As we sat talking, several striped squirrels came out in sight into the firelight. There were hundreds of these little fellows there in the clearing, gathering the hazel nuts for their winter store. The hazel nuts were very large, nearly the size of those sold as filberts. The squirrels made their winter burrows in the ground about the old stumps. Kate had gathered a pint dipper full of the nuts before dark; and as we sat talking, we cracked them with round stones from the stream. Once we heard a great rushing and running, as of large animals through the bushes, at no great distance away.
"Hear the deer go!" Willis exclaimed.
Tom laughed. "We will pop over some of them to-morrow," said he. But he whispered to me a few minutes later, that he expected two bears were having a squabble over there in the brush. By and by we heard them running again; and this time they passed around to the south of our camping place, and we heard them go, splashing, through the stream and away into the woods on the other side. Willis jumped up and gave a loud so-ho! which resounded far across the darkened wilderness; and then for a time all the wild denizens of the forest seemed to remain quiet, as if listening to this unusual shout.

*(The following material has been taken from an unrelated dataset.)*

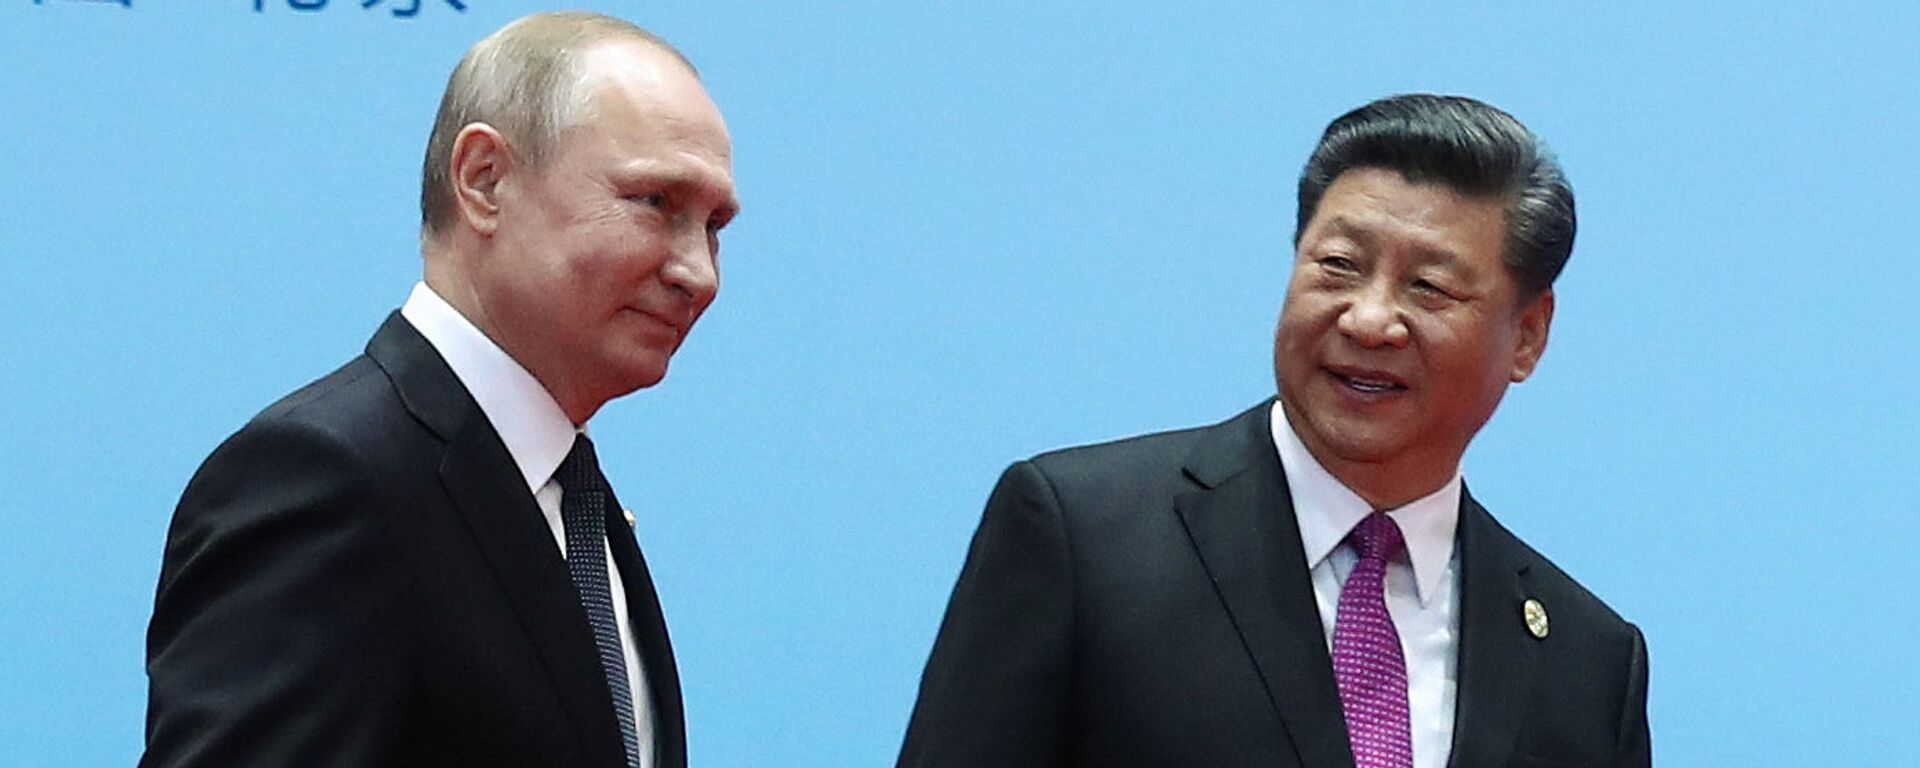 El presidente de Rusia, Vladímir Putin, y el presidente de China, Xi Jinping - Sputnik Mundo, 1920, 03.10.2020
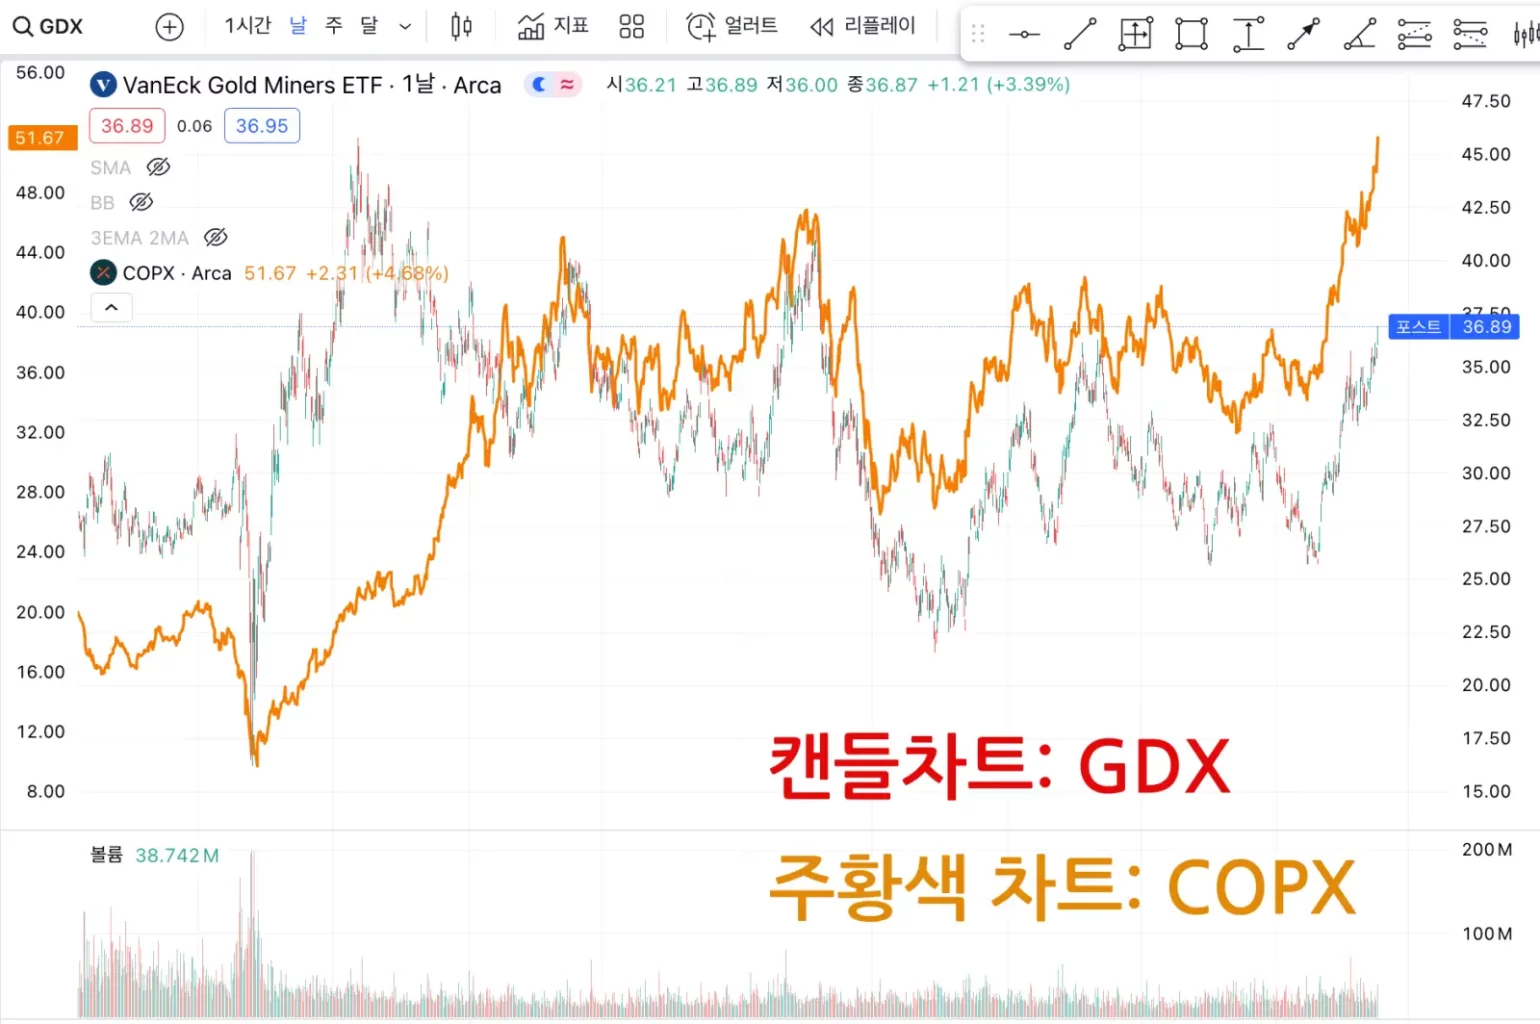 GDX COPX 비교 그래프 사진

"Oh, don't, Willis!" cried Ellen. "It seems as if you were telling all these wild creatures where we are!"
"So I am," said Willis; "if they want to call on us, they will find a load of buckshot all ready for them."
"What time is it, Kate?" Addison at length asked.
"Twenty-five minutes to ten," she replied.
"Well, we want to get an early start to-morrow morning," said Addison. "So I guess we had better go to bed and try to get as much sleep as we can. I'm for one."
"So am I," said Theodora. "But I don't believe I shall sleep much."
"Oh, you need not be the least bit afraid," said Addison.